* Given information:
***
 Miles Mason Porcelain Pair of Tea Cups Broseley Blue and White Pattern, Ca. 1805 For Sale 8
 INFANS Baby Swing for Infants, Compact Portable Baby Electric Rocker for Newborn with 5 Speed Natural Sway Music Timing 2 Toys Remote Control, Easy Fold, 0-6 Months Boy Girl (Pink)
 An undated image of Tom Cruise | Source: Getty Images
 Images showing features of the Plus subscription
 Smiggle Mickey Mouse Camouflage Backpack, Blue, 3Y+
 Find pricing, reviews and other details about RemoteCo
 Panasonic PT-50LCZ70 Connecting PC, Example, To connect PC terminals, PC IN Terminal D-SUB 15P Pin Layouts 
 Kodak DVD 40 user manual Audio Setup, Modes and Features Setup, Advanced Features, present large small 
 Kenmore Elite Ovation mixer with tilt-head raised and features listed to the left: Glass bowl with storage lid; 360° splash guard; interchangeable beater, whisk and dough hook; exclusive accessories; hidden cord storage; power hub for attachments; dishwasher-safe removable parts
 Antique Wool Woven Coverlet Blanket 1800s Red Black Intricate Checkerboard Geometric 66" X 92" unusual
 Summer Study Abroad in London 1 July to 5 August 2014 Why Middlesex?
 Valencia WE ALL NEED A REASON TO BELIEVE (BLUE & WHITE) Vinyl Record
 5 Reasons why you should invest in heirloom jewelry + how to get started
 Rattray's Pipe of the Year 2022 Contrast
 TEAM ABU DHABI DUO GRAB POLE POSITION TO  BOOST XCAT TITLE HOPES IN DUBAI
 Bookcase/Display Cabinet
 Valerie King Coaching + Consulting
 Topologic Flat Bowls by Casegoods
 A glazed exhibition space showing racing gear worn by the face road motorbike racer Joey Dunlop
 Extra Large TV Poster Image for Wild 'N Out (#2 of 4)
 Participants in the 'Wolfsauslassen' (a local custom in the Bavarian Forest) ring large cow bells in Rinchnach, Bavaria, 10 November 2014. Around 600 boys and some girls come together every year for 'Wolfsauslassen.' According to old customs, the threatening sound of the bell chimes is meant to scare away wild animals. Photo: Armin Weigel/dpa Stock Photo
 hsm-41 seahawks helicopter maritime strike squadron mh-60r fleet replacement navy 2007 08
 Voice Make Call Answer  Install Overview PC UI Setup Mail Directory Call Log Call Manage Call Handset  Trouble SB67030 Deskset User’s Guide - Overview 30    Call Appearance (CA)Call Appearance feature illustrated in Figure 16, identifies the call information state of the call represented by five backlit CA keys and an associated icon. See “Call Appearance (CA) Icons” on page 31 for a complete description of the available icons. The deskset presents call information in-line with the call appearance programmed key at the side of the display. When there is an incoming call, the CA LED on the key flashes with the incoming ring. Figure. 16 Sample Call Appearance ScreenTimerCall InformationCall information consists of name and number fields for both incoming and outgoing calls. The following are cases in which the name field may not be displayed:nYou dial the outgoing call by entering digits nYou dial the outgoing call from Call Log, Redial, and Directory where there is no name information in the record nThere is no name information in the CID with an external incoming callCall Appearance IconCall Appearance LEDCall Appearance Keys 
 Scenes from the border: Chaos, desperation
***
Search the material above for the word "showing", then copy out each line that has it.

* Solution:
 Images showing features of the Plus subscription
 A glazed exhibition space showing racing gear worn by the face road motorbike racer Joey Dunlop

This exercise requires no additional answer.